INPUT DATA below:

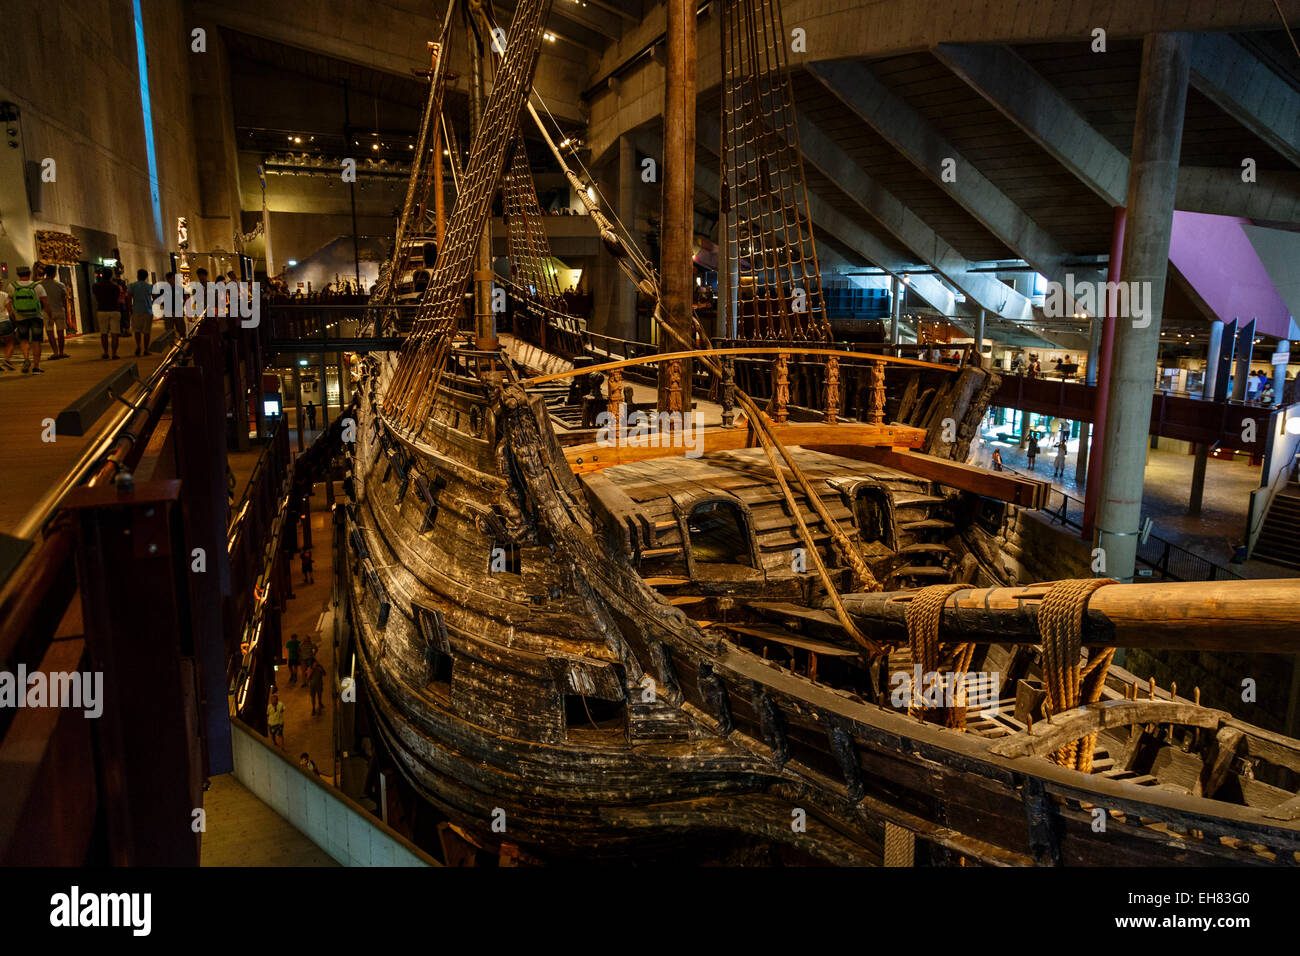 Vasa Museum, Djurgarden, Stockholm, Sweden, Scandinavia, Europe Stock Photo
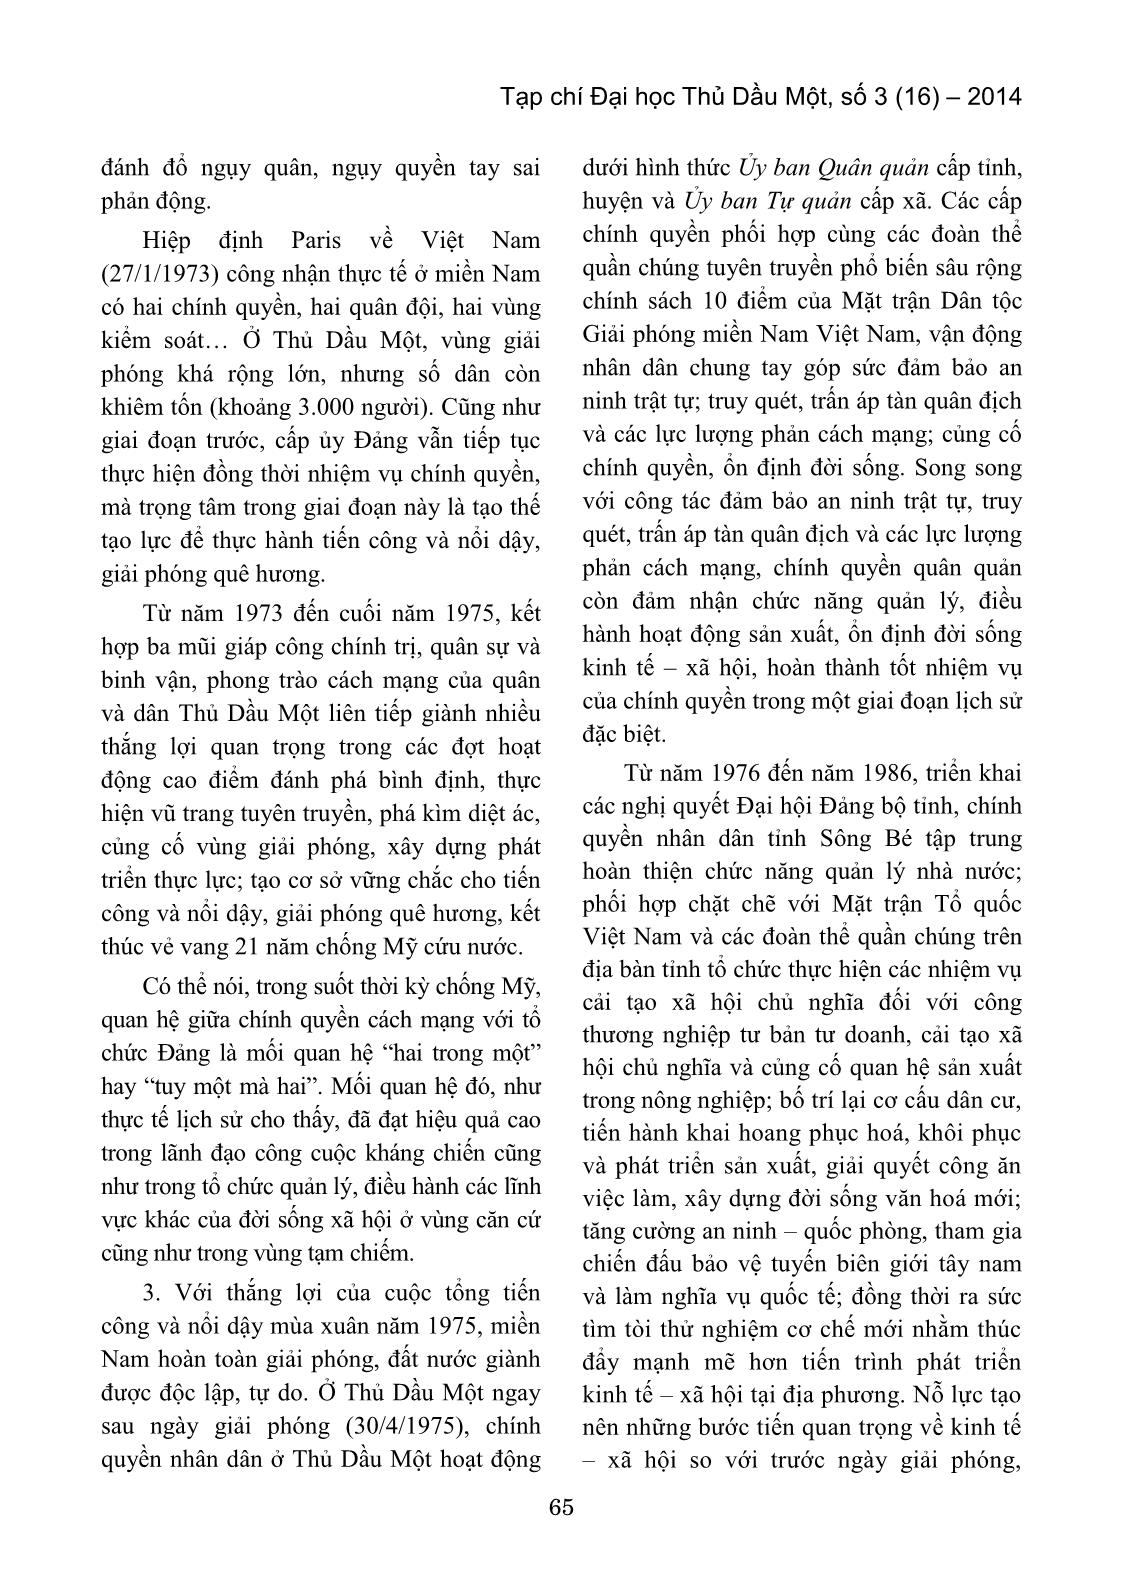 Bảy mươi năm xây dựng, trưởng thành của chính quyền nhân dân ở Bình Dương (1945 – 2014) trang 5
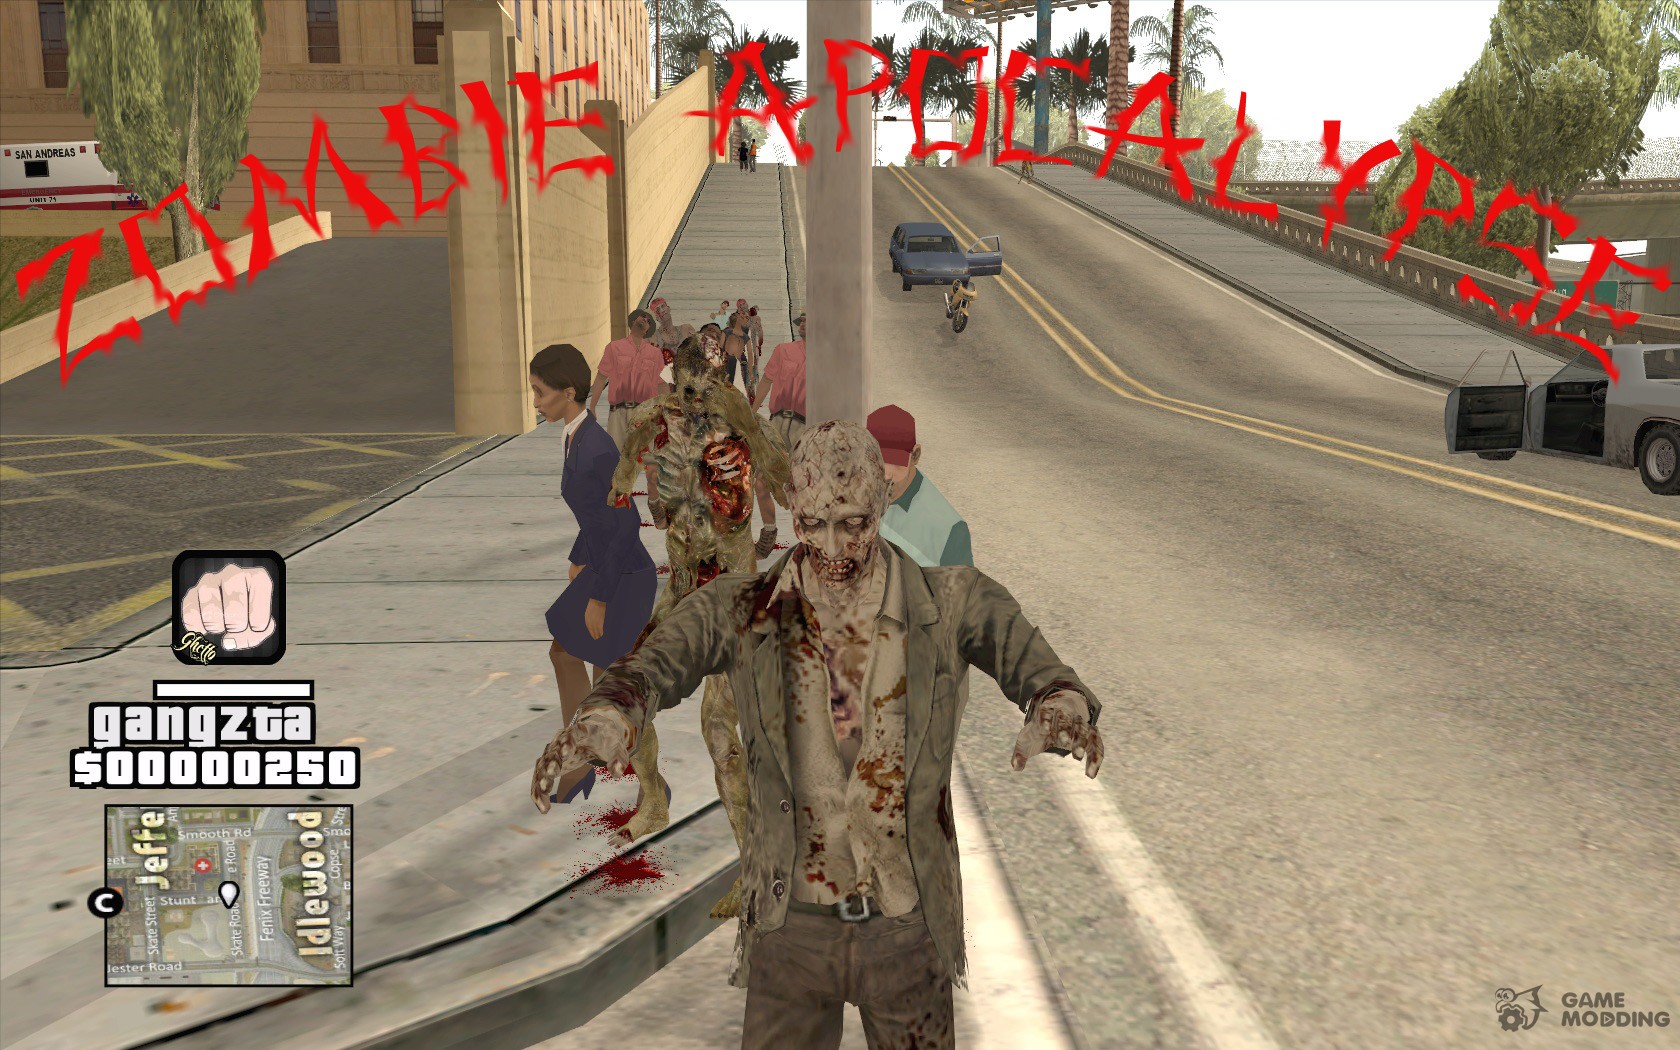 How to play GTA Zombie Apocalypse mod - Charlie INTEL

End of INPUT DATA.

No pictures belong in the copy. Return exactly the lines from the line containing "Bảy mươi năm" through the last line of the listing.

**OUTPUT BELOW**
 Bảy mươi năm xây dựng, trưởng thành của chính quyền nhân dân ở Bình Dương (1945 – 2014) trang 5
 How to play GTA Zombie Apocalypse mod - Charlie INTEL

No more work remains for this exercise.